Dopo la profonda crisi legata alla pandemia del 2020 e 2021, il settore alberghiero sta finalmente vedendo consistenti segni di ripresa. Nonostante le continue sfide legate al caro energia, all’incertezza macro-economica e alla pressione della digitalizzazione, gli albergatori europei si dicono cautamente ottimisti.
Queste e molte altre informazioni sono il frutto dell’European Accommodation Barometer, ricerca che Booking.com ha commissionato per realizzare un’analisi di mercato sulla situazione dell’ospitalità europea nel 2022, toccando punti chiave come: situazione economica, contesto operativo, sviluppo del business, investimenti, digitalizzazione e sostenibilità. Lo studio è stato realizzato tra il 15 agosto e il 21 ottobre attraverso interviste telefoniche che hanno contattato 1.000 manager e proprietari alberghieri. Il campione comprende 80 intervistati per paese in Austria, Francia, Germania, Grecia, Italia Paesi Bassi e Scandinavi (Svezia, Danimarca, Norvegia e Finlandia), Portogallo, Spagna e Svizzera. A questi se ne aggiungono 200 nel resto d’Europa (Polonia, Romania, Belgio, Repubblica Ceca, Bulgaria, Slovenia, Slovacchia, Irlanda e Croazia).

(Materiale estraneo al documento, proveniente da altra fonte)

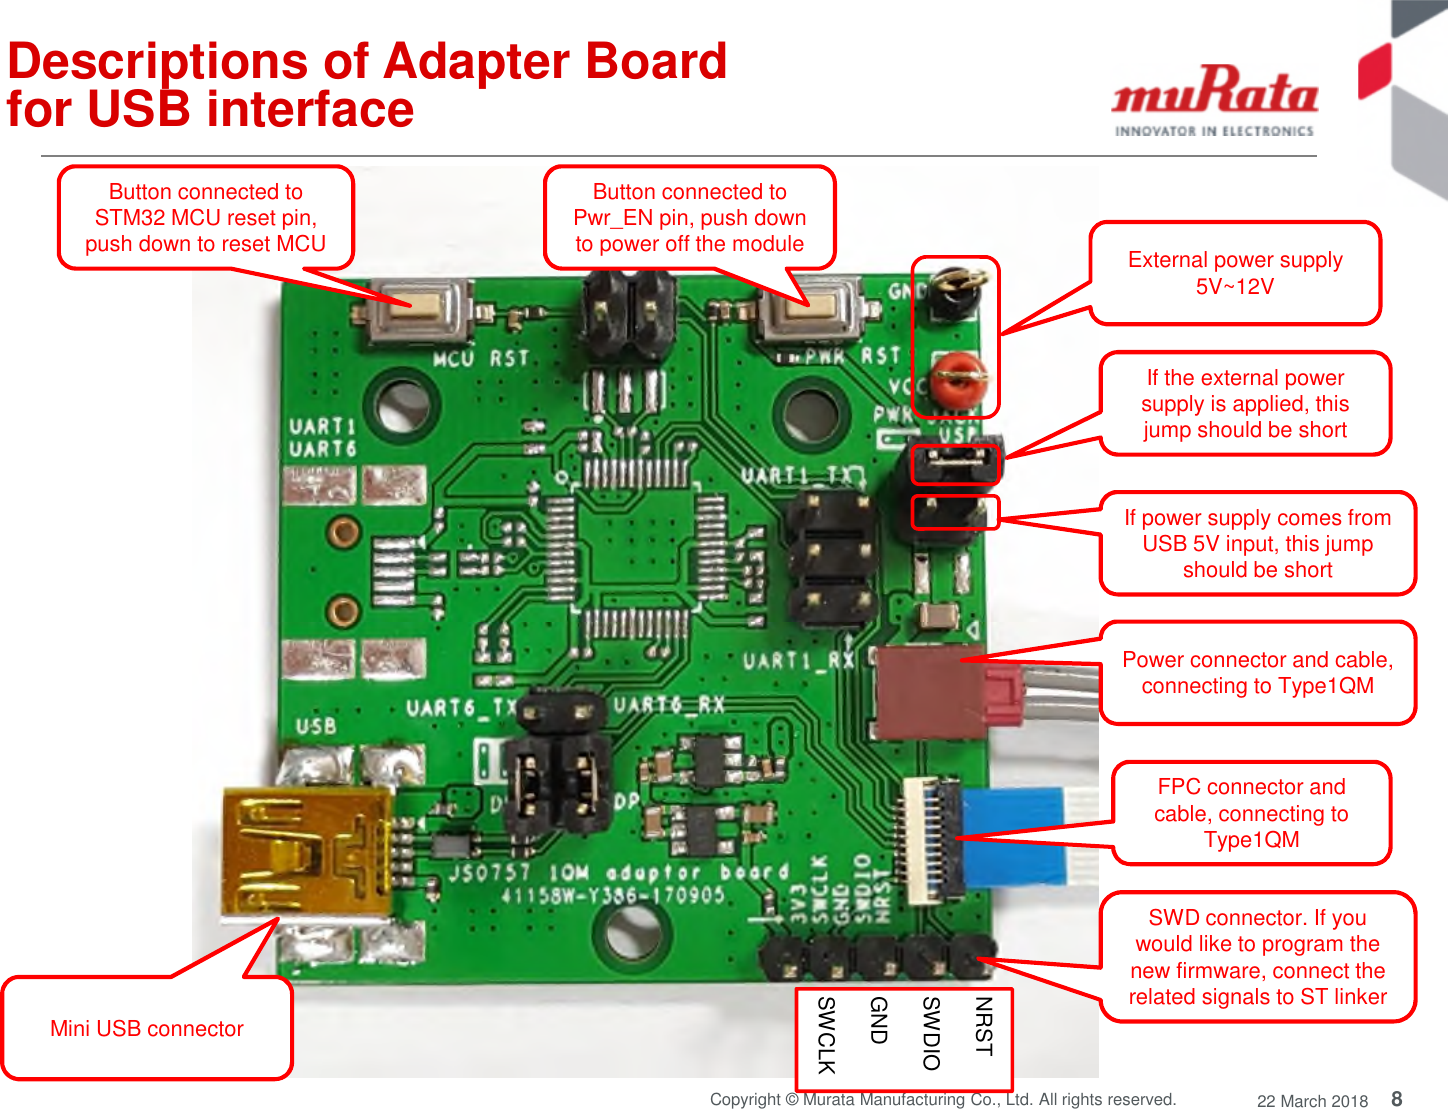 8Copyright © Murata Manufacturing Co., Ltd. All rights reserved. 22 March 2018Descriptions of Adapter Boardfor USB interfaceIf the external powersupply is applied, thisjump should be shortExternal power supply5V~12VIf power supply comes fromUSB 5V input, this jumpshould be shortMini USB connectorSWD connector. If youwould like to program thenew firmware, connect therelated signals to ST linkerNRSTSWDIOGNDSWCLKFPC connector andcable, connecting toType1QMPower connector and cable,connecting to Type1QMButton connected toPwr_EN pin, push downto power off the moduleButton connected toSTM32 MCU reset pin,push down to reset MCU

Gli albergatori italiani sono positivi sia sui risultati che sulle aspettative future

“Gli ottimi risultati ottenuti nelle stagioni estive degli ultimi due anni, hanno motivato risposte positive da parte degli albergatori italiani, che si dicono cauti ma ottimisti sui tempi a venire” spiega Ben Schroeter, Direttore Pubbliche Relazioni di Booking.com. Gli albergatori europei individuano la sfida più grande del momento nei costi dell’energia, (80%) seguiti dalla situazione economica attuale (48%), dai costi dello staff (42%) e dalla difficoltà nella gestione delle assunzioni (43%). Una voce, quest’ultima, che è la terza per importanza sul mercato italiano.
Gli alberghi parte dei maggiori brand perfomano meglio dei colleghi indipendenti, sia per quanto riguarda l’occupazione che rispetto al pricing delle camere. Tutti gli hotel hanno ottenuto buoni risultati negli ultimi 6 mesi, tuttavia è il 77% la percentuale degli hotel di catena che ha dichiarato risultati positivi, contro il 68% degli hotel indipendenti.
Quanto detto sul successo delle catene, si riflette anche nei risultati di hotel con 250+ letti che si dichiarano più propensi rispetto alle piccole imprese a valutare il loro sviluppo generale molto positivo (78%), la tariffa della camera adeguata (60%) e il tasso di occupazione soddisfacente (64%).

Gli investimenti di capitale stanno tornando, ma con cautela

Il tracollo del settore registrato nel 2020 ha certamente influenzato le risposte degli albergatori sui futuri investimenti. La previsione economica, su tutto il territorio europeo, è cauta con un modesto 38% degli intervistati che prevedono sviluppi positivi nei prossimi 6 mesi. Nonostante un risultato positivo dichiarato dagli albergatori italiani, questi risultano tiepidi quando si parla di investimenti a breve termine. Solo il 18% infatti si ritiene pronti ad effettuare passi di questo genere.  

Digitalizzazione: non più un ostacolo

Prepararsi alla trasformazione digitale; questo uno dei temi che pressa maggiormente gli albergatori europei. La maggioranza di essi tuttavia (59%) ha dichiarato che la loro preparazione sul tema è buona o molto buona e solo il 12% non si dichiara soddisfatto degli sforzi fatti sul tema. Anche in questo caso sono le catene rispetto agli hotel indipendente a dichiararsi più pronti alla digitalizzazione.  Il 67% degli intervistati dichiarano la loro preparazione sul tema buona o molto buona, la percentuale scende al 57% quando a rispondere sono gli albergatori indipendenti.

Sostenibilità: c’è ancora molto da fare

Quando si affronta il tema dell’ambiente e la sostenibilità, gli albergatori europei non sembrano così pronti. Solo 2 su 5 di loro si considerano preparati ad adeguarsi al tema. Il 45% degli hotel con una forza lavoro di 250 persone e più considerano la loro competenza sul tema buona o molto buona, la percentuale scende al 35% intervistando albergatori con meno di 9 dipendenti. Analizzando le risposte su base geografica, appare chiaro come gli hotel di città siano più allineati all’adeguamento rispetto a quelli localizzati in zone rurali.